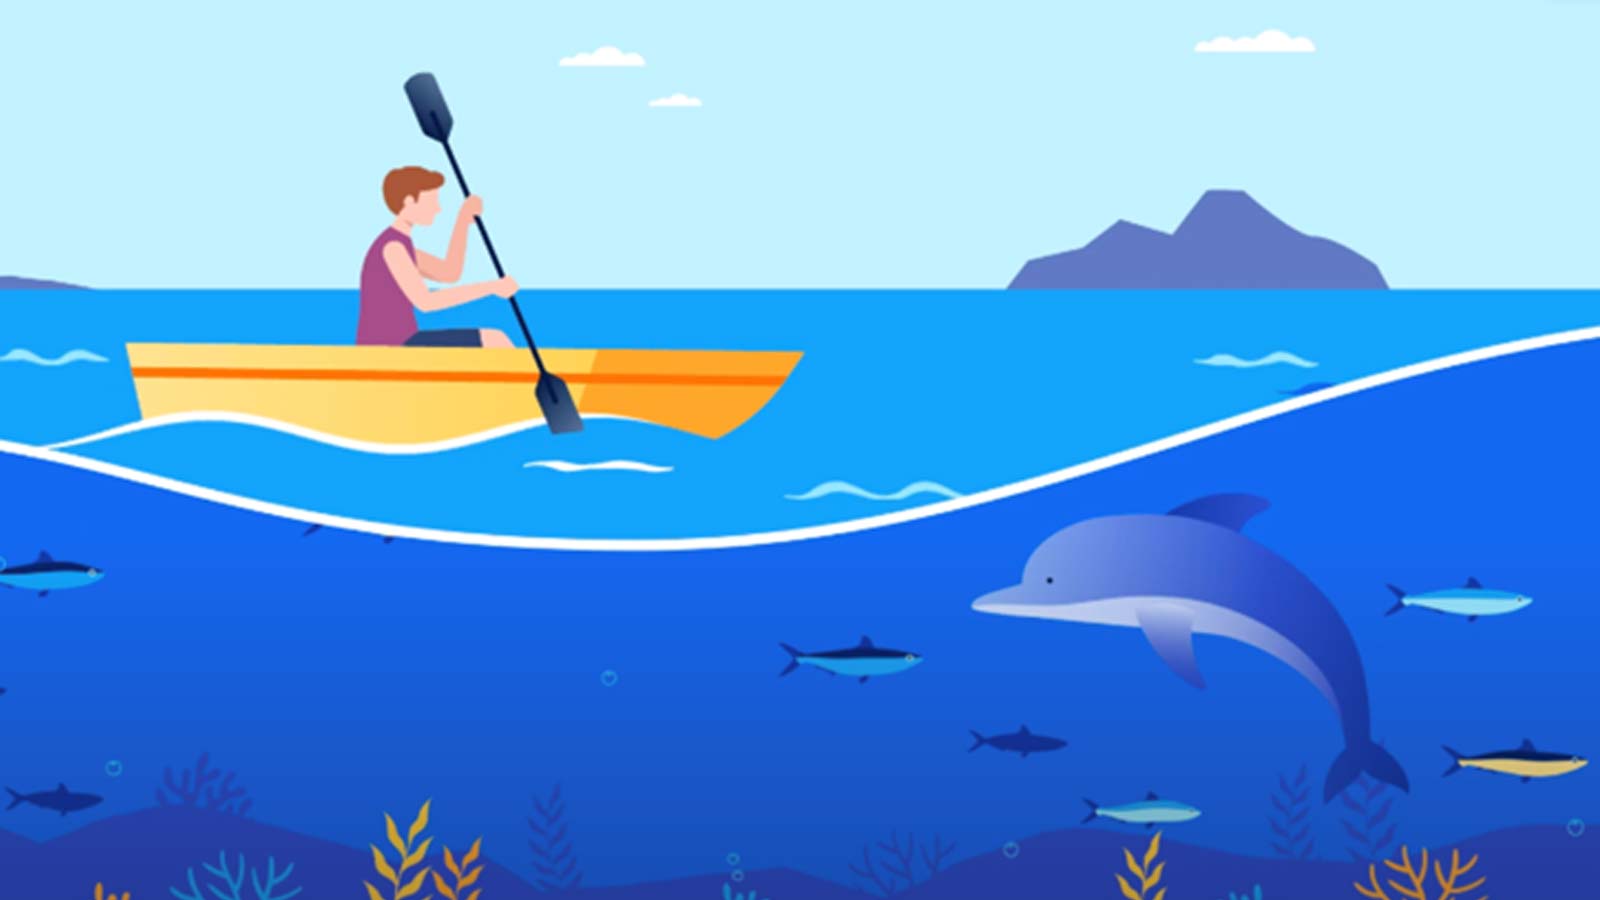 Animation of man in kayak
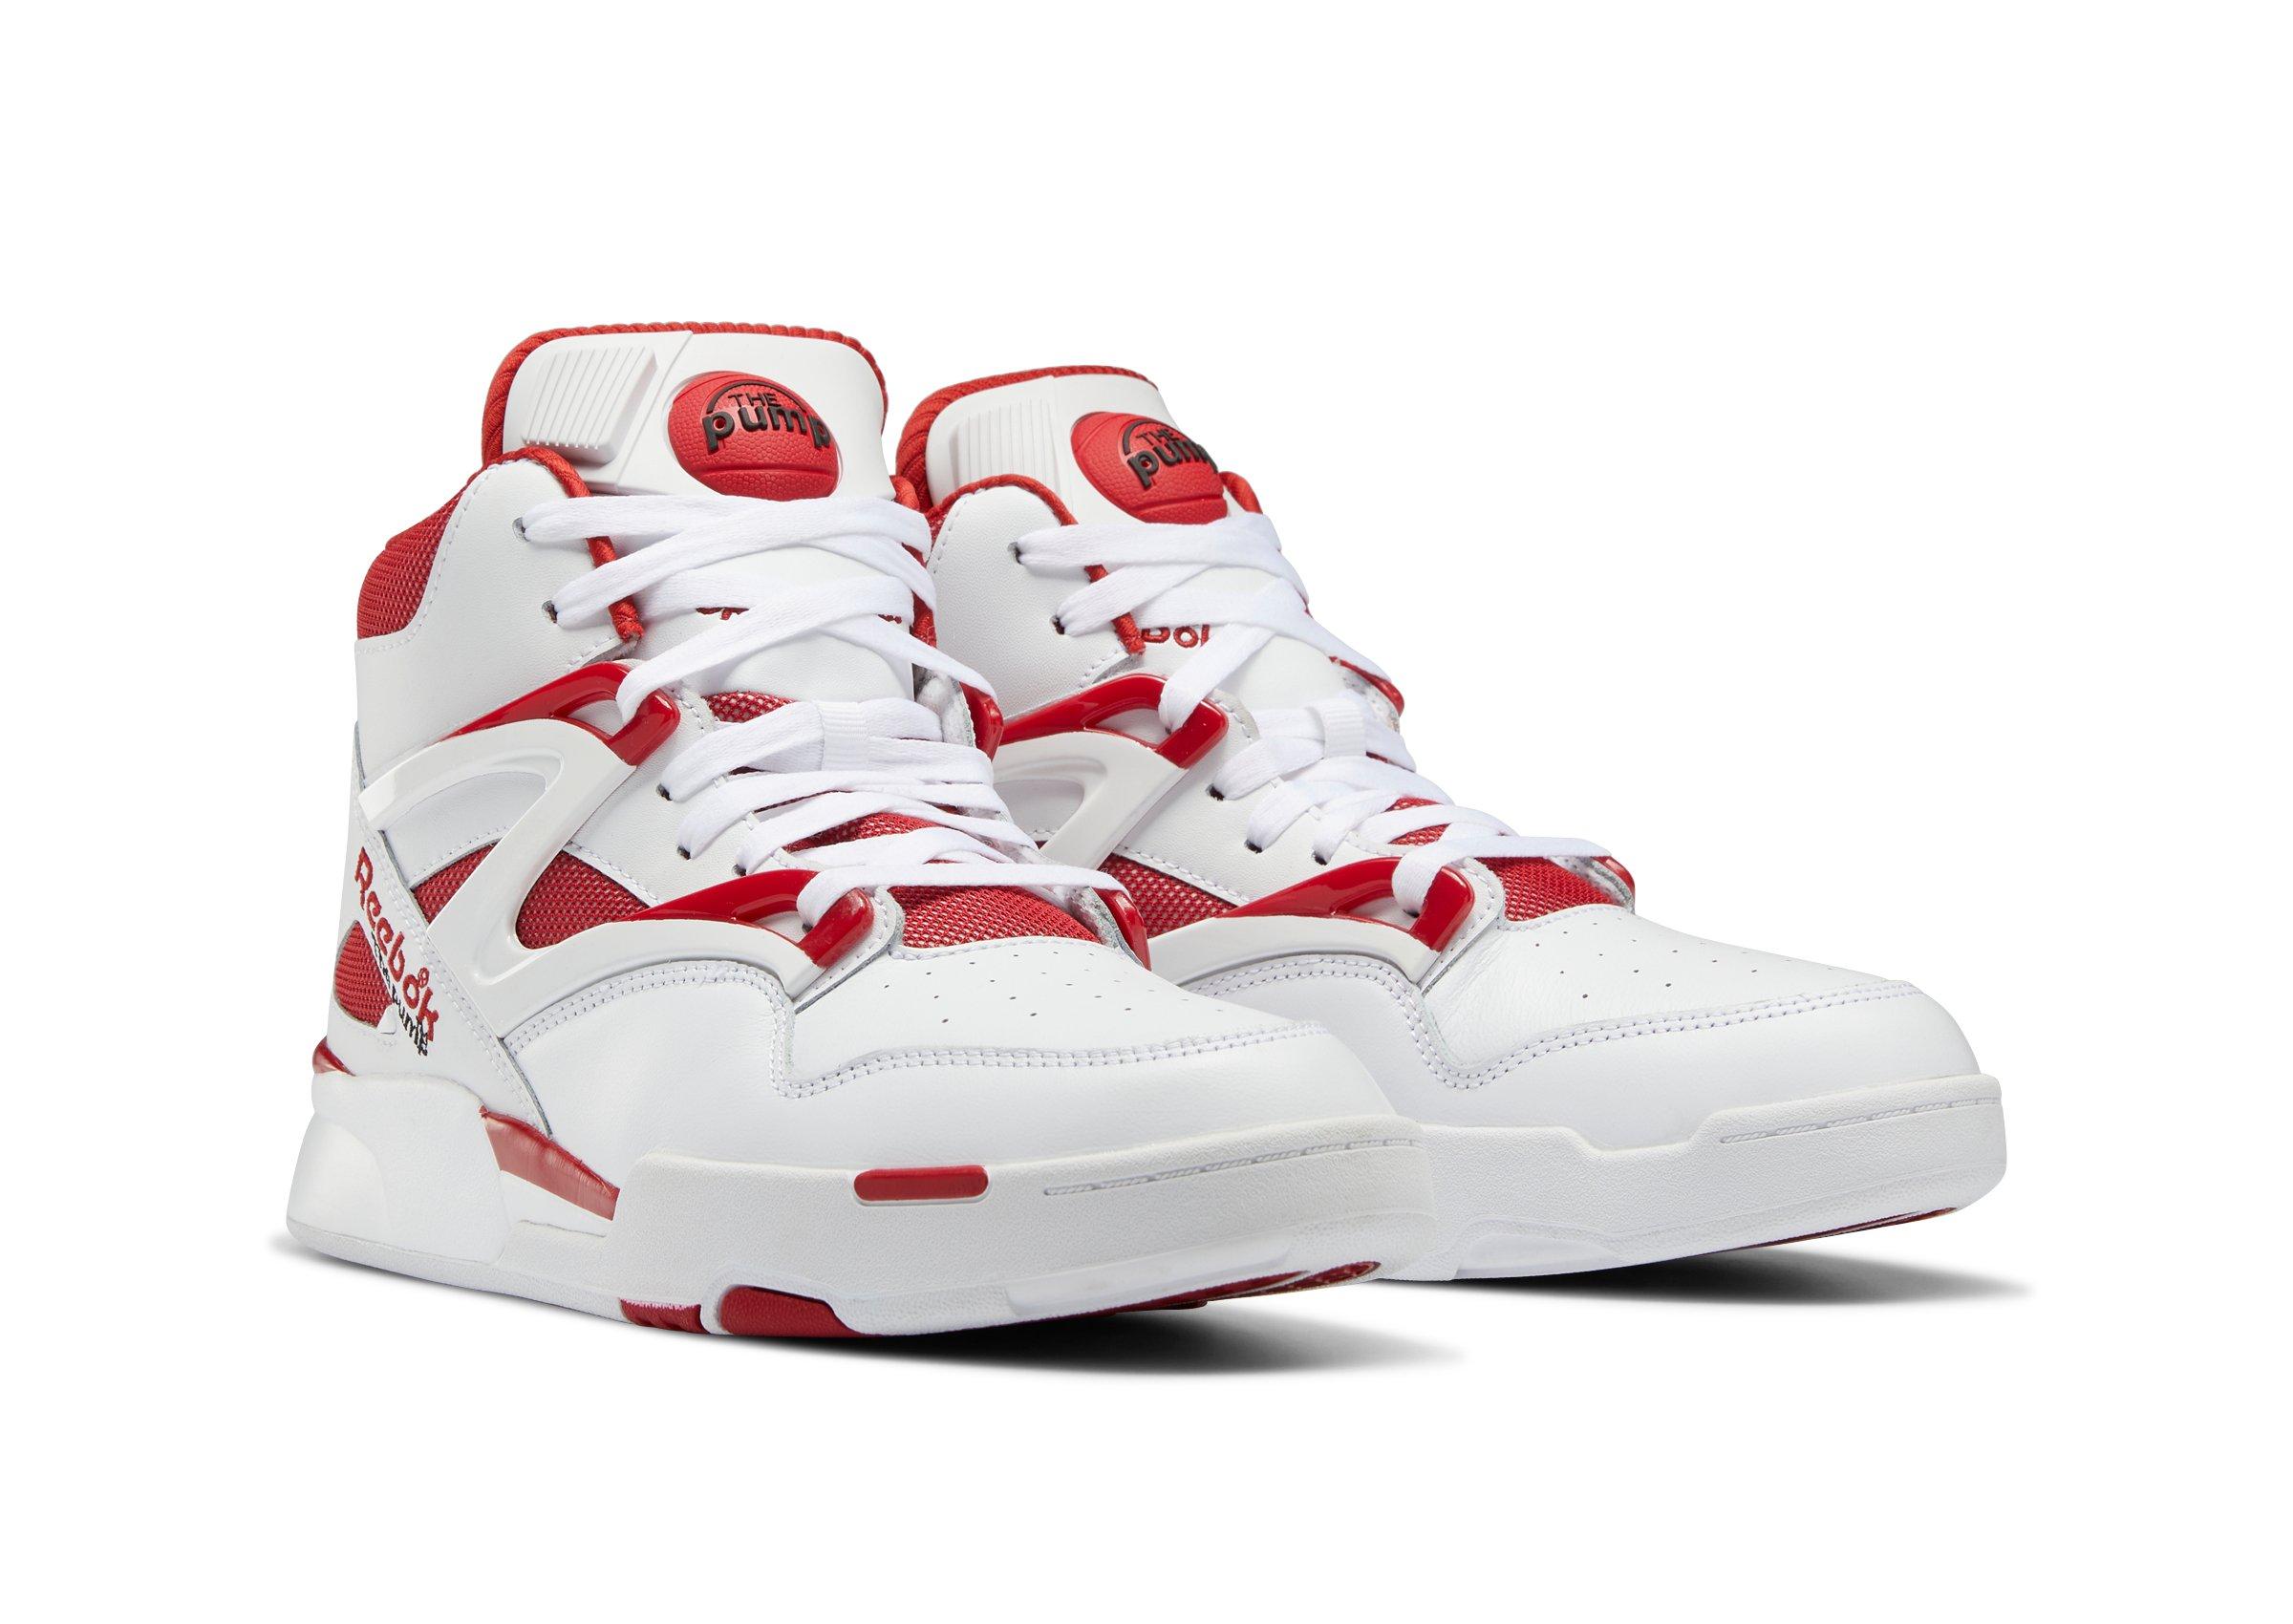 Sneakers Release – “Dee Brown” Reebok Pump Omni
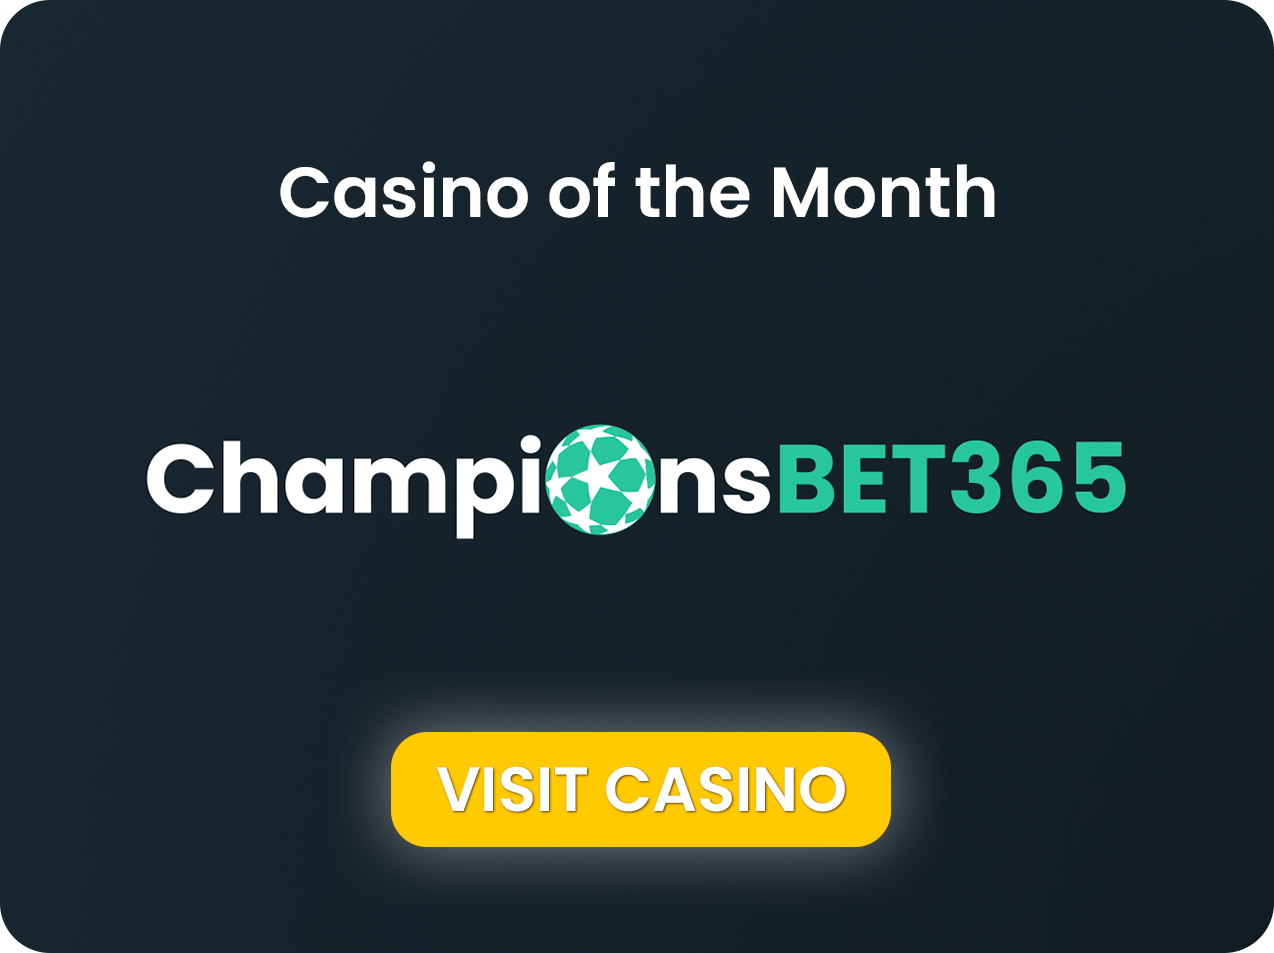 Championsbet365 Casino del mes
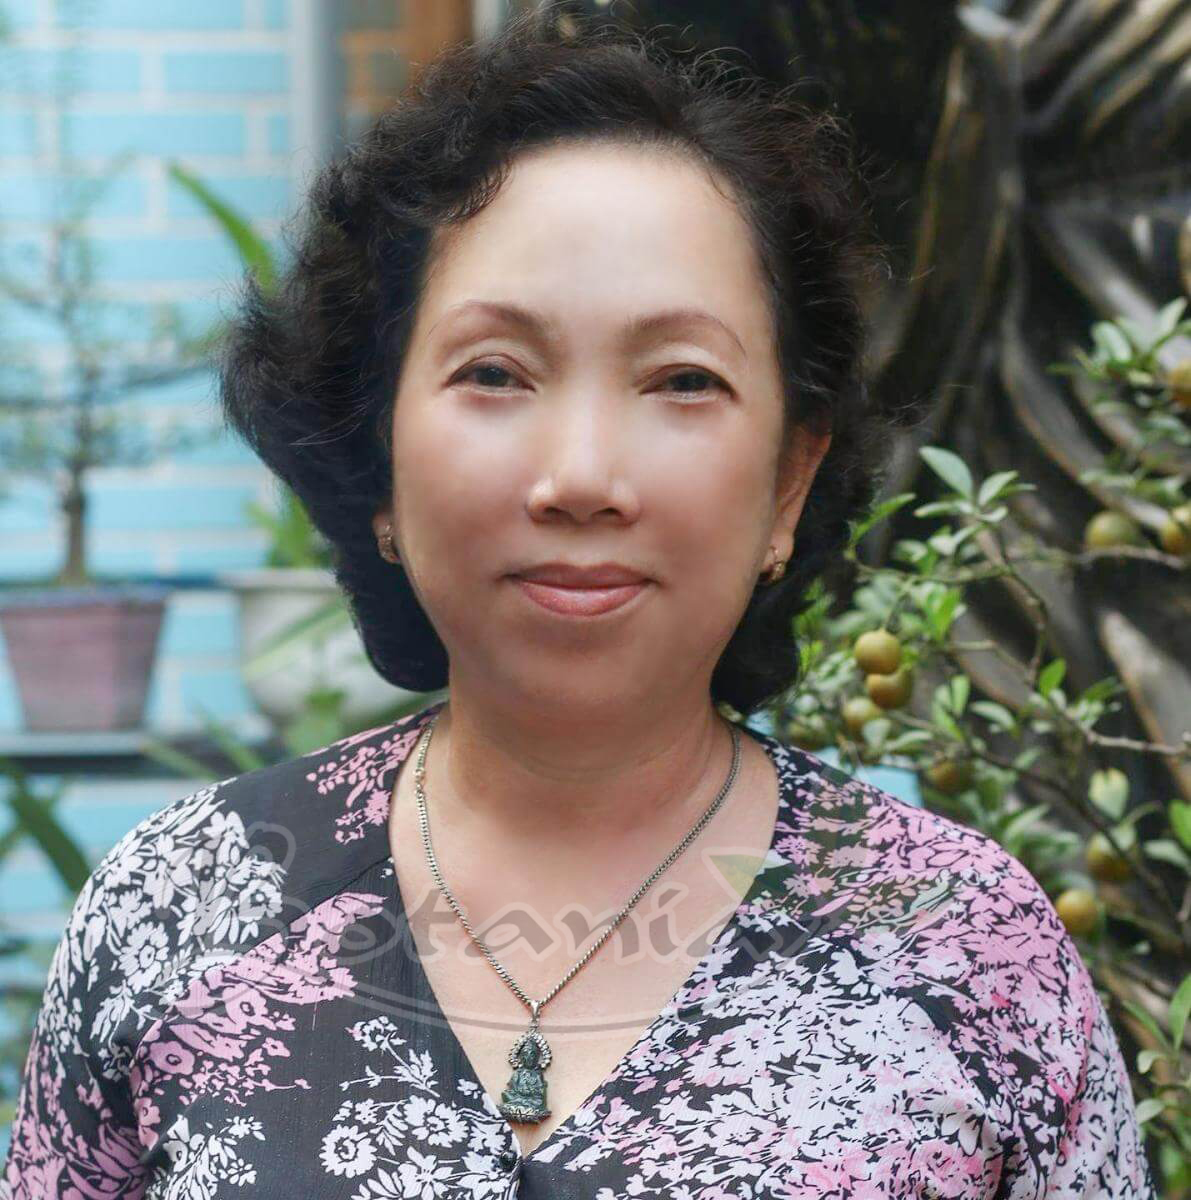 Hồ Chí Minh: Bonihair - Phá vỡ quy luật thời gian, tìm lại mái tóc đen ở tuổi 57!

» **Work to complete**:
Give every line of the data above again as it stands; the pictures stay out.

» **Response to this exercise**:
 Animation of man in kayak
 Sneakers Release – “Dee Brown” Reebok Pump Omni
 Championsbet365 Casino del mes
 Hồ Chí Minh: Bonihair - Phá vỡ quy luật thời gian, tìm lại mái tóc đen ở tuổi 57!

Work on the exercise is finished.